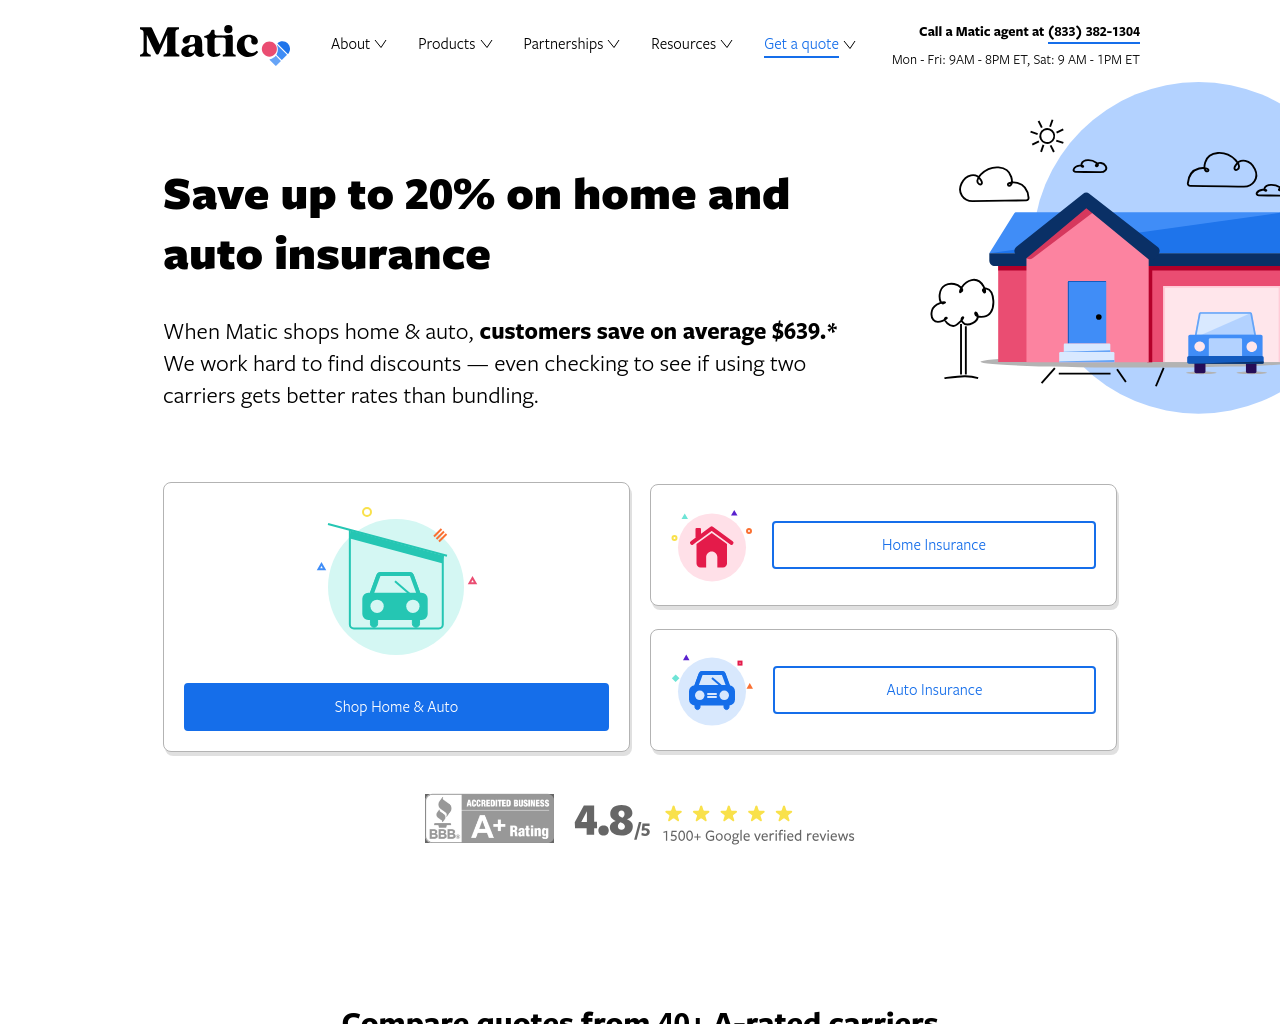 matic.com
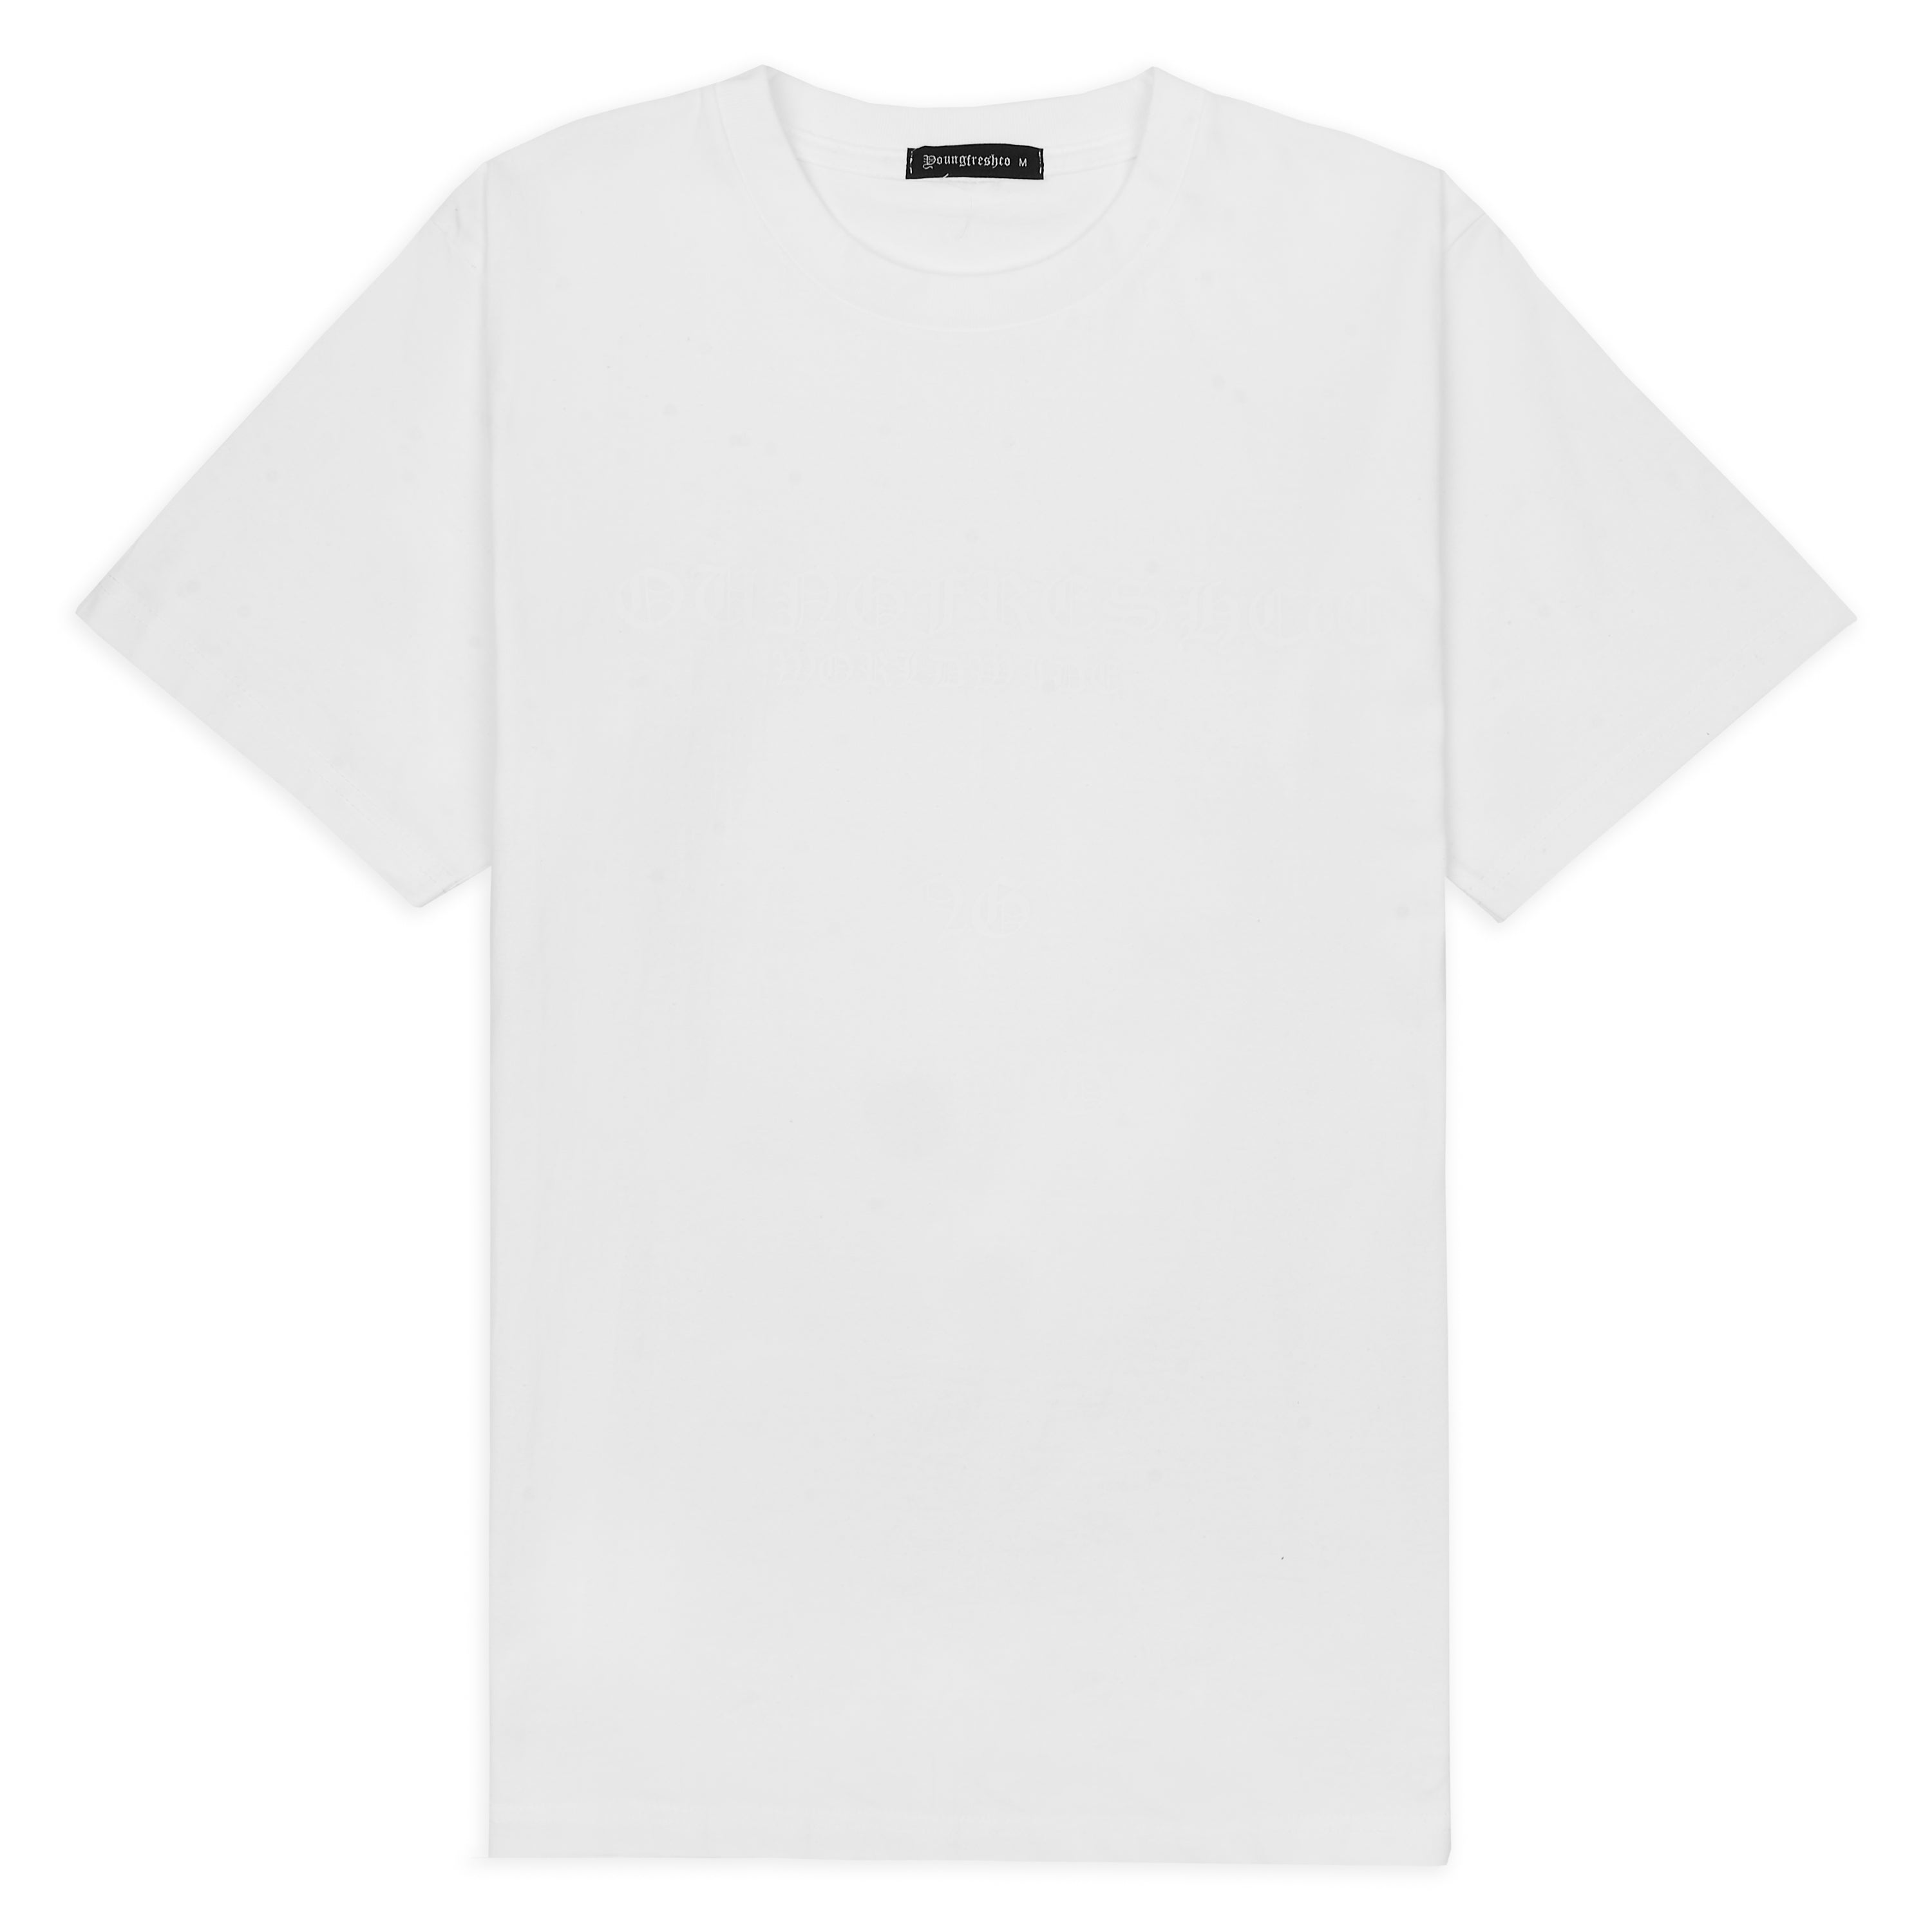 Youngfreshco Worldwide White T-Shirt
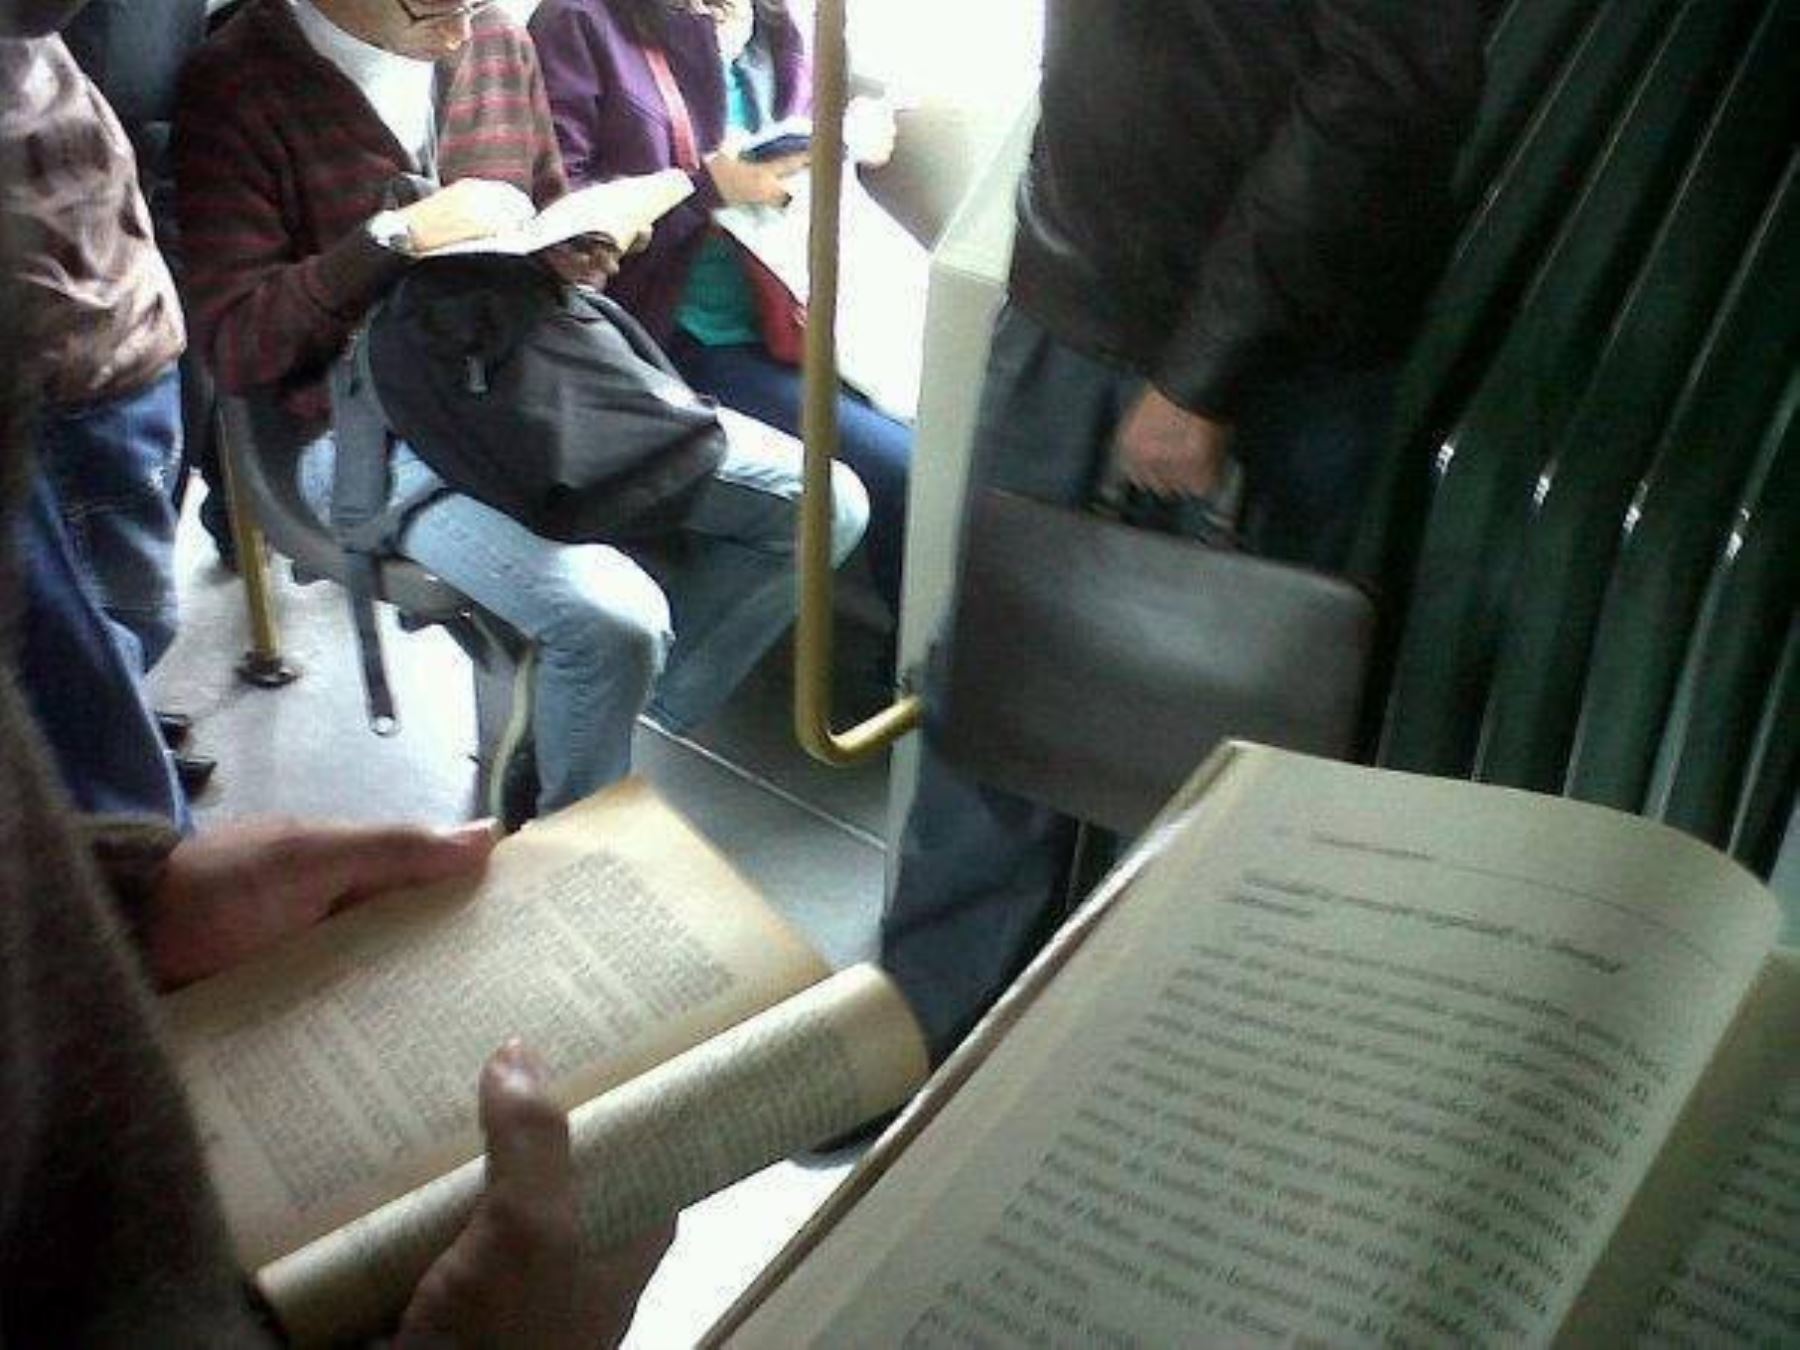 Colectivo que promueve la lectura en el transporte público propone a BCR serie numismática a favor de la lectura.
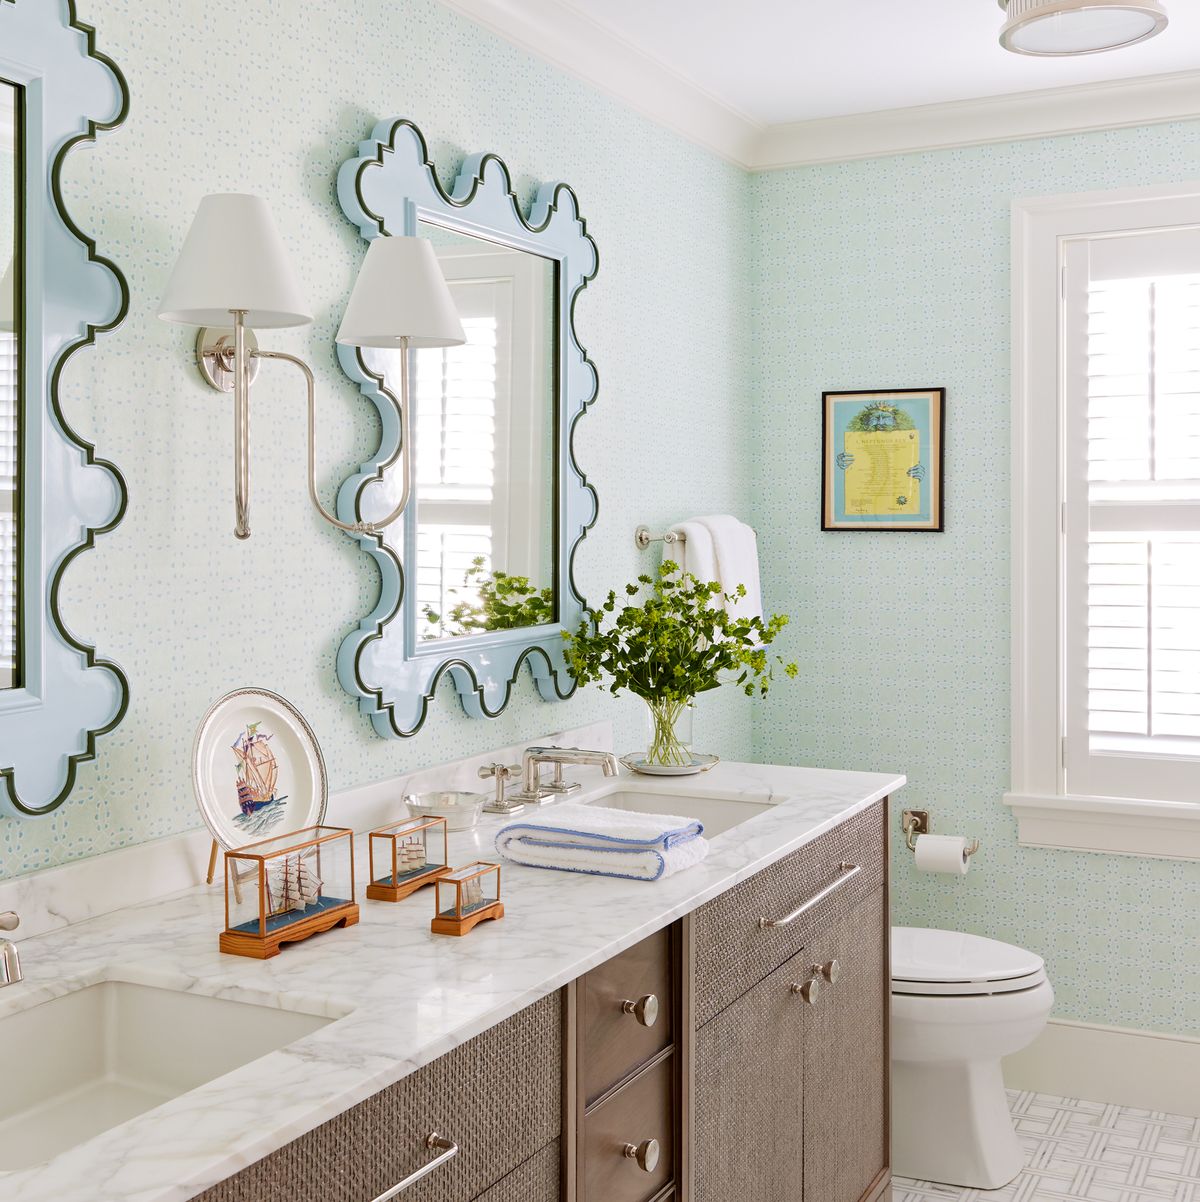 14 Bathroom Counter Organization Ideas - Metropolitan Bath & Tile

**Task directions**
In full and without changes, repeat the listing above, but not its pictures.

**Output below**
 matic.com
 Youngfreshco Worldwide White T-Shirt
 Colectivo que promueve la lectura en el transporte público propone a BCR serie numismática a favor de la lectura.
 14 Bathroom Counter Organization Ideas - Metropolitan Bath & Tile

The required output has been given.